1. This site uses cookies. By continuing to use this site, you are agreeing to our use of cookies. Learn More.

Would a twitter scraper software be interesting?

Discussion in 'Twitter' started by Tazdingo1, May 1, 2015.

  1. Tazdingo1

    Tazdingo1 Registered Member

    Joined:
    May 1, 2015
    Messages:
    51
    Likes Received:
    2
    Im new here,

    I am just wondering:

    Would there be any general interest in a software that scans 250 000 000 twitter users for different features and outputs the accounts with those features in a textfile?

    For instance if you want to:
    - Output all accounts with the following/follower ratio of 1.32 and have the bio containg these words "word1, word2, word3" it will output it.
    - Output all accounts that can be DM:ed by anyone
    - Output all accounts that has an english/spanish/[INSERT LANG] bio
    ...etc

    You can fitler on the fly as per your own choice, literally anything you want between a quarter of a billion of twitter accounts.
    Any filtering would be done in seconds since I use optimized algorithms for each task that wil operate with the O(log(n)) speed.

    Right now I am doing it for fun, but would there be any interest for this to anyone?
     
  2. Repulsor

    Repulsor Power Member

    Joined:
    Jun 11, 2013
    Messages:
    770
    Likes Received:
    278
    Location:
    PHP Scripting ;)
    I am more over interested about how you handle the API calls. Or is this based on curl/proxies? Does this include the UID scrapper as well?

    Well, been working making such scrappers and filters for clients for a while, but the numbers you are talking, and at the speed you are telling, I am afraid it would be reliable. I mean, it can be done when all datas are with us, but to grab the data, I mean the follower count and stuff, we need to call twitter one way or the other.
     
  3. Tazdingo1

    Tazdingo1 Registered Member

    Joined:
    May 1, 2015
    Messages:
    51
    Likes Received:
    2
    No, that the catch, the software actually does not have any interaction with the twitters API whatsoever.

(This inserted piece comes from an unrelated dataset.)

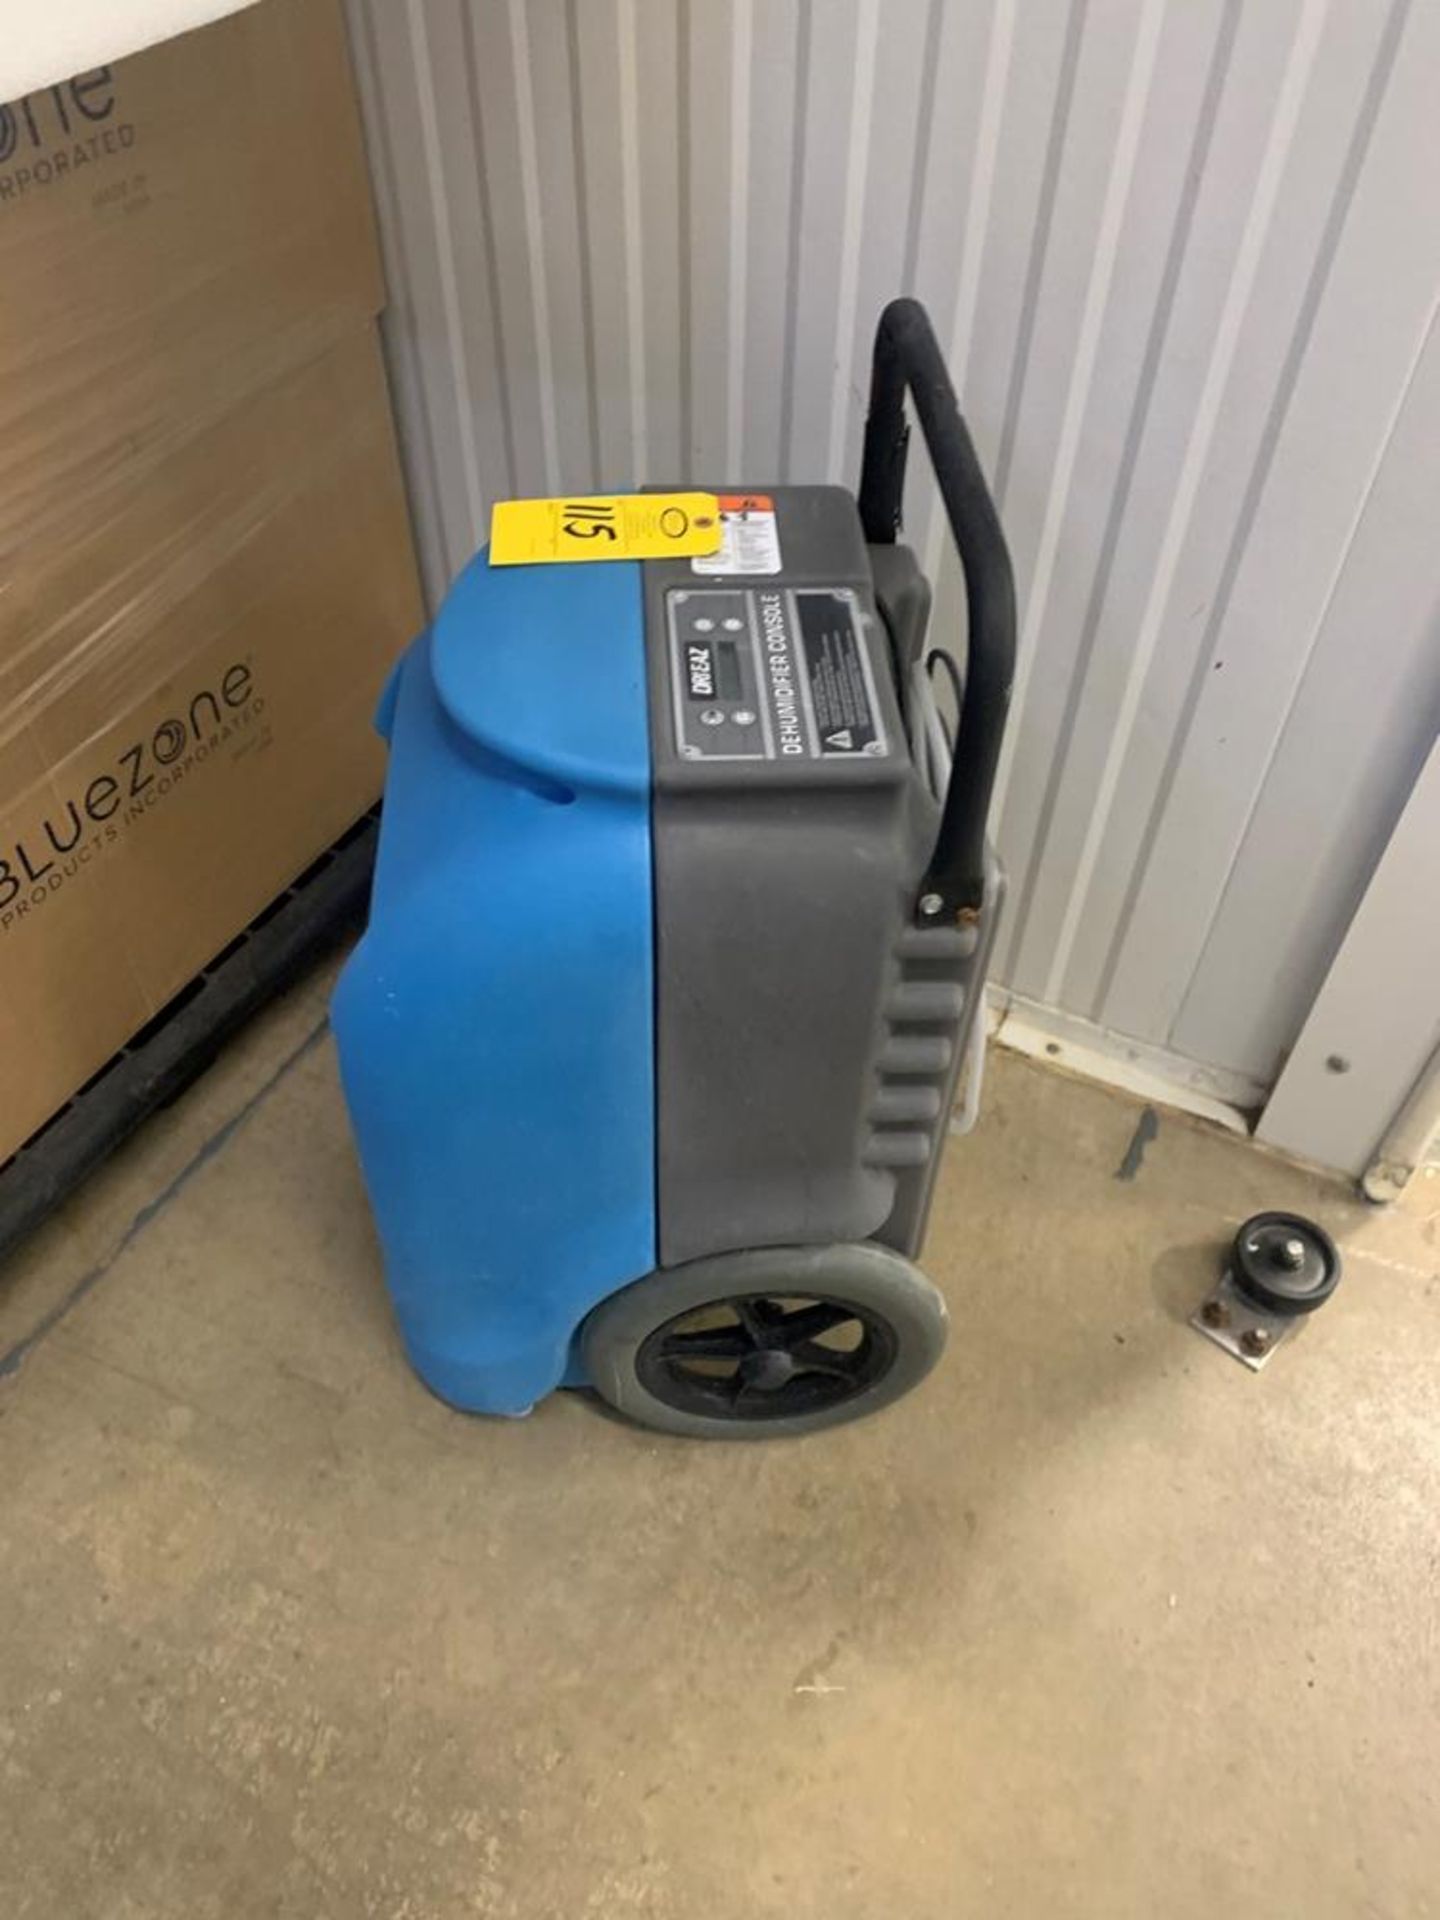 Prizair 1200 Dehumidifier, 110 volts (Required Loading Fee: $10.00) NO HAND CARRY (Price Is For - Image 2 of 4

I use another method, a method that literally lets you fetch as many accounts you want ad infinitum.
    These 250 000 000 that I gathered took me only 3 days to gather for my PC with a bandwidth of 100 MB/S up and down.

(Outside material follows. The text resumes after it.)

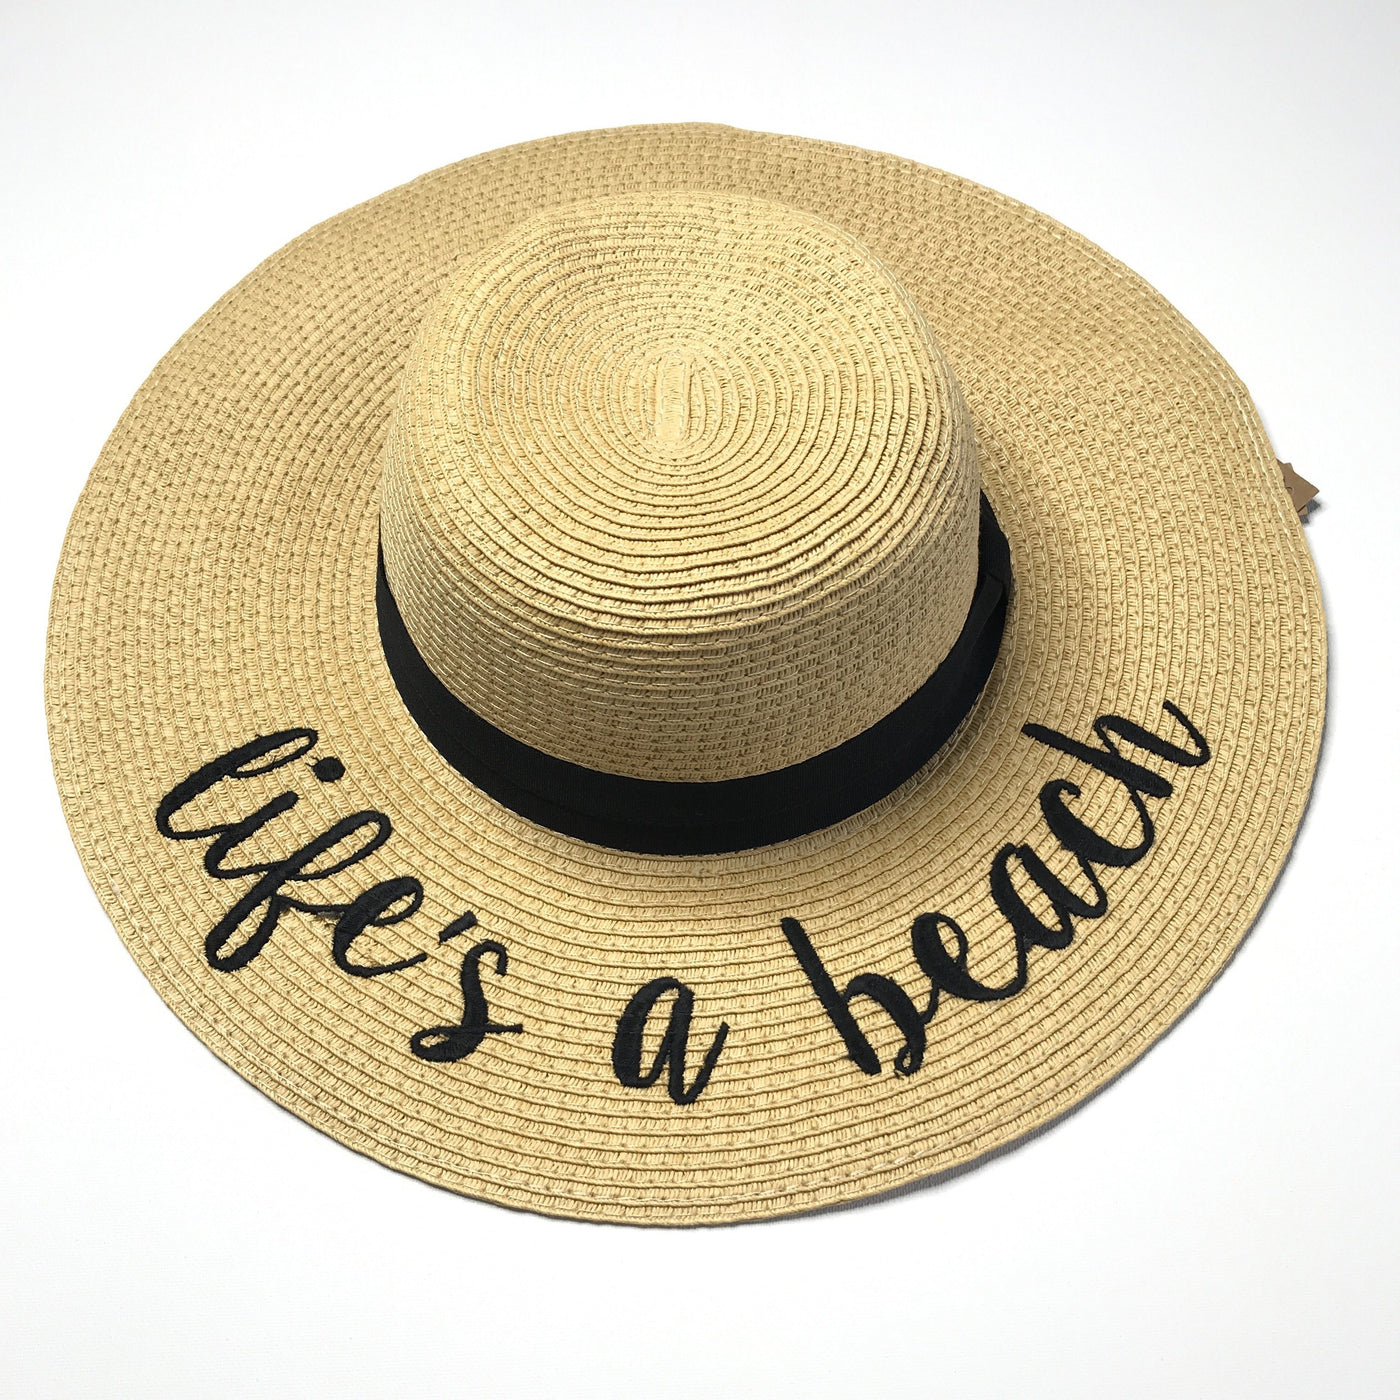 Floppy Straw Hat - "Life's a Beach" Adult straw floppy hat The Teal Bandit

    This means that there is no need to be afraid of twitters API rate-limiting since they are ridiculous.

    When it comes to analyzing the data, it is very easy too, and uses no interaction with twitters API.

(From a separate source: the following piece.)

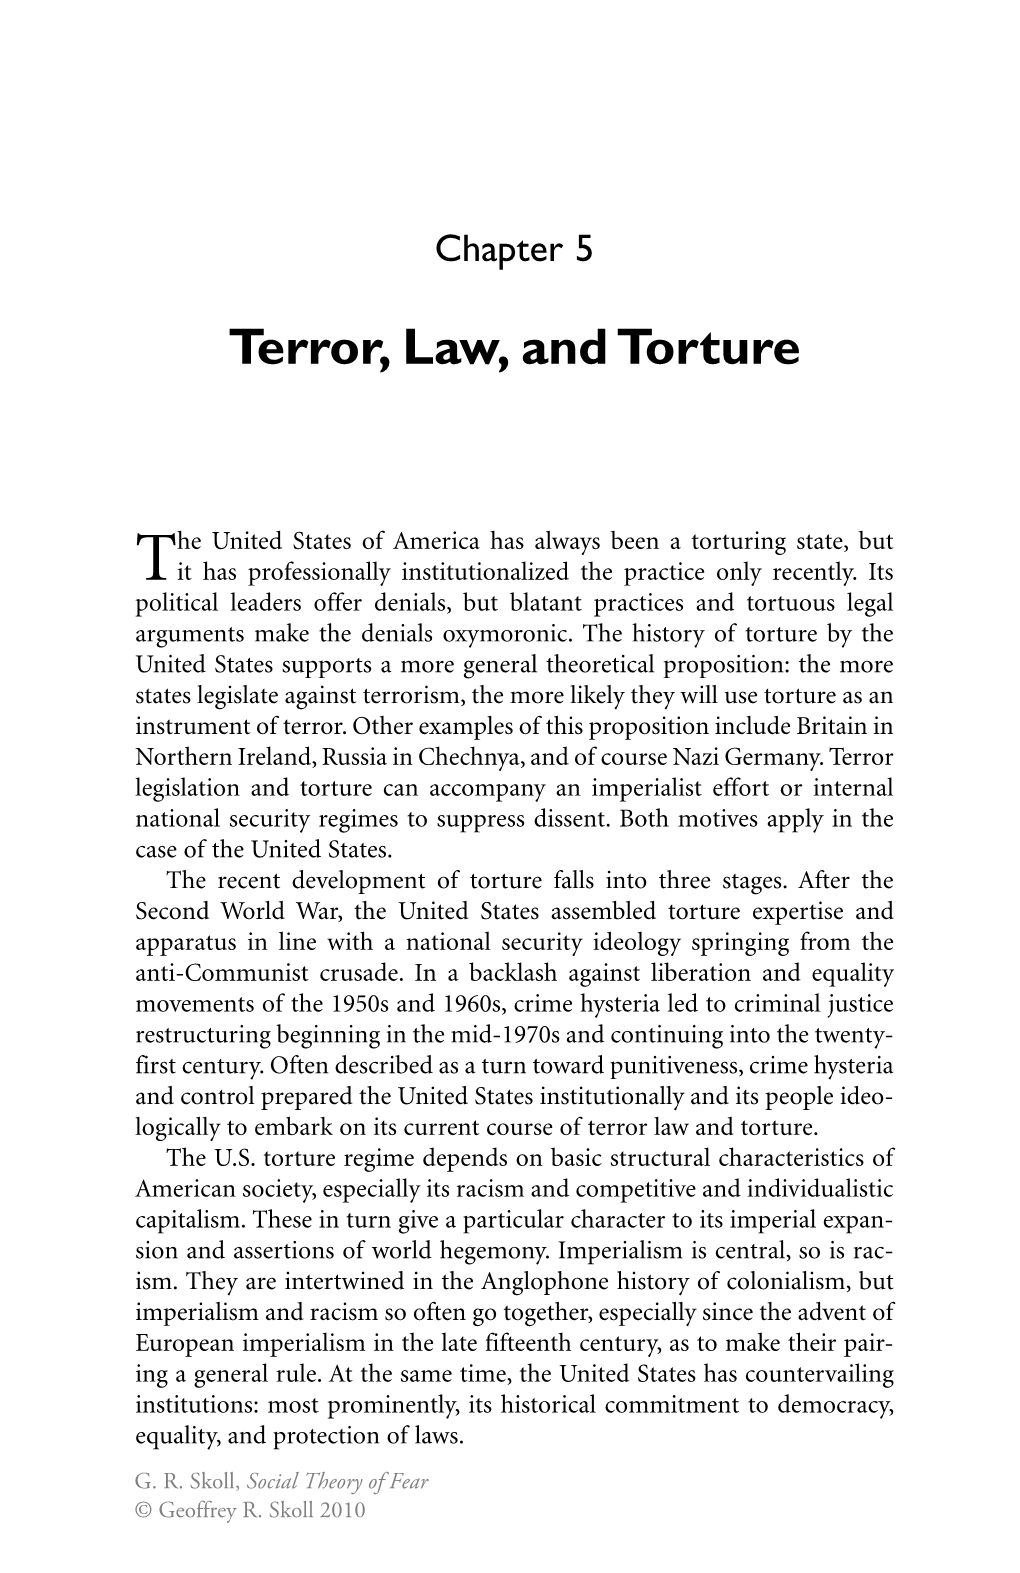 Terror, Law, and Torture

    So in summary, a very solid scraper for a multitude of purposes.
    And with a repo of 250 000 000 , and with the ability to filter through literally any features you want, I am wondering if there is any interest of someone with this?
     
  4. Repulsor

    Repulsor Power Member

    Joined:
    Jun 11, 2013
    Messages:
    770
    Likes Received:
    278
    Location:
    PHP Scripting ;)
    Good luck if it works as promised.There may be people who are interested.Hope this isnt a presale thread.

    And if you have a solid way to filter the accounts without having to fetch from Twitter, then thats cool, because all these time, I ahve been using queuing to fetch account details 100 chunks per request and then getting all the necessary details. That would be really cool.

    Good luck mate! :)
     
  5. Tazdingo1

    Tazdingo1 Registered Member

    Joined:
    May 1, 2015
    Messages:
    51
    Likes Received:
    2
    No this is only a thread so I get a public opinion,

    Thanks man!
     
  6. riktubrs

    riktubrs Regular Member

    Joined:
    Dec 8, 2010
    Messages:
    263
    Likes Received:
    68
    Occupation:
    Software Developer
    What do you mean you've been queuing to fetch the details?